Enter “Jen,” i.e., world-famous actress Jennifer Lawrence, kicking back on a FaceTime call with Blaine, getting into character to assist in a piece of magic that, while designed to reach millions, will create an impression of two pals just killing time. Blaine instructs Jen to take out her own deck and “riffle shuffle” the cards (creating a hypnotic ASMR effect). He then asks her to choose a card in her mind and to say it out loud. “Jack of clubs,” says Jen tentatively. Blaine then instructs her to choose a number between one and 52 (she chooses 23) and to flip each card until she gets to that number. At the 23rd card, Jen flips over the jack of clubs.
This is when the public display of mentalism becomes extremely alluring, as Lawrence, a highly trained actress, warps the fourth wall of 5G. “No!” she screams, in a tone ordinarily reserved for horror films. “You’re a witch! You’re a witch! No!” We cut back to Blaine who smiles like an unpopular eighth grader who has finally found a way to interest the prettiest girl in his class.
But it’s not yet time to press the yellow thumbs-up emoji, not until Lawrence unleashes her plea: “One day before you die, are you gonna write a book and tell us? You CAN’T die! If you started a religion, I would follow it!”
Blaine smiles. He looks satisfied.
Hasn’t Blaine already started a religion? Or at least a cult? Blaine is shaman to the stars. He’s like a very dark Rick Rubin. In fact, the two bearded gurus (or Jew-rews) are chummy. A podcast hosted by Malcolm Gladwell features them in a conversation, Rubin having come out as a magic lover and devoted fan of db. If rap impresario Rubin is a touch rabbinical, then Blaine, by comparison, has been touched by evil. He’s basically trouble—a little like that weirdo Russian healer Rasputin who got in with the Romanovs before they started suspecting him as a conspirator and ordered him to be shot and drowned.
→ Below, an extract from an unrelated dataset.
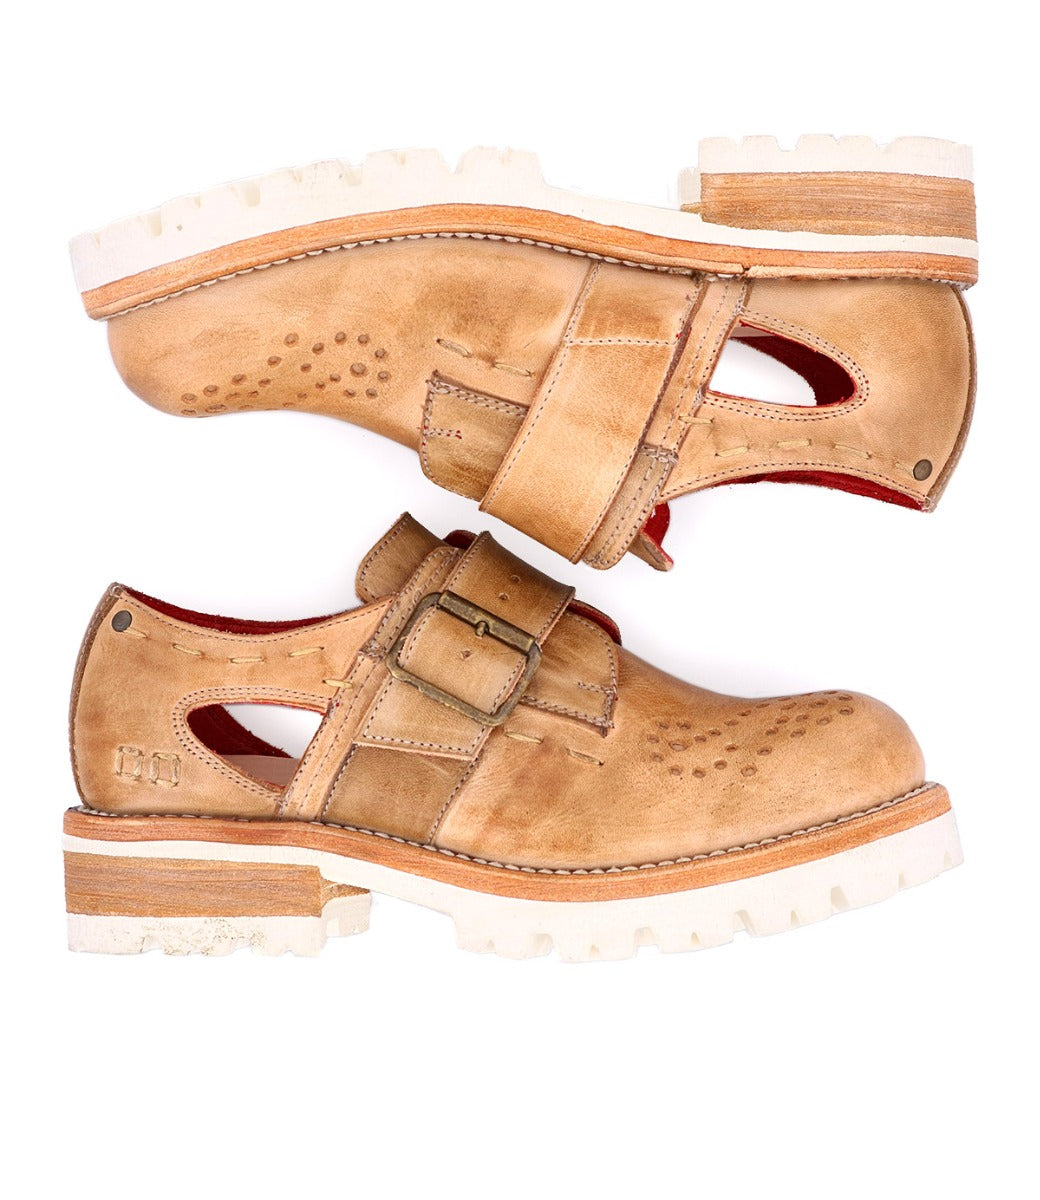 A pair of Bed Stu Dagny women’s tan leather shoes.

I was watching another of Blaine’s domestic celebrity ops—one set in Harrison Ford’s kitchen. By frame one, Ford already seems bugged-out. Perhaps he’s overwhelmed by the room’s demonic aura. Blaine shuffles and asks Harrison to think of a card (nine of hearts), as he teleports this card (nine of hearts) through a mysterious portal of time and space into the juicy interior of a navel orange.
“Here’s what we’ll do. Do me a favor ...” Blaine says, scanning and commanding the kitchen counter. He asks Harrison to grab a ripe orange out of a bowl of fruit, hold it steady on a cutting board, and hand him a knife, so that he may perform a C-section on the orange, and deliver the nine of hearts. Harrison’s eyes go into a hypnotic spiral, and he begins to breathe heavily, as if he’s going into cardiac arrest. He turns to Blaine and says: “Get the fuck out of my house.”
I replayed the video, pausing to study the intricacies of Blaine’s sleight-of-hand and to reverse engineer his switcheroo. But who would want to debunk David? I’m reminded of Robert Bresson’s 1959 masterpiece Pickpocket, and the 2018 Japanese film Shoplifters. The trick, in magic as in theft, is to be one step ahead and to never get caught red-handed.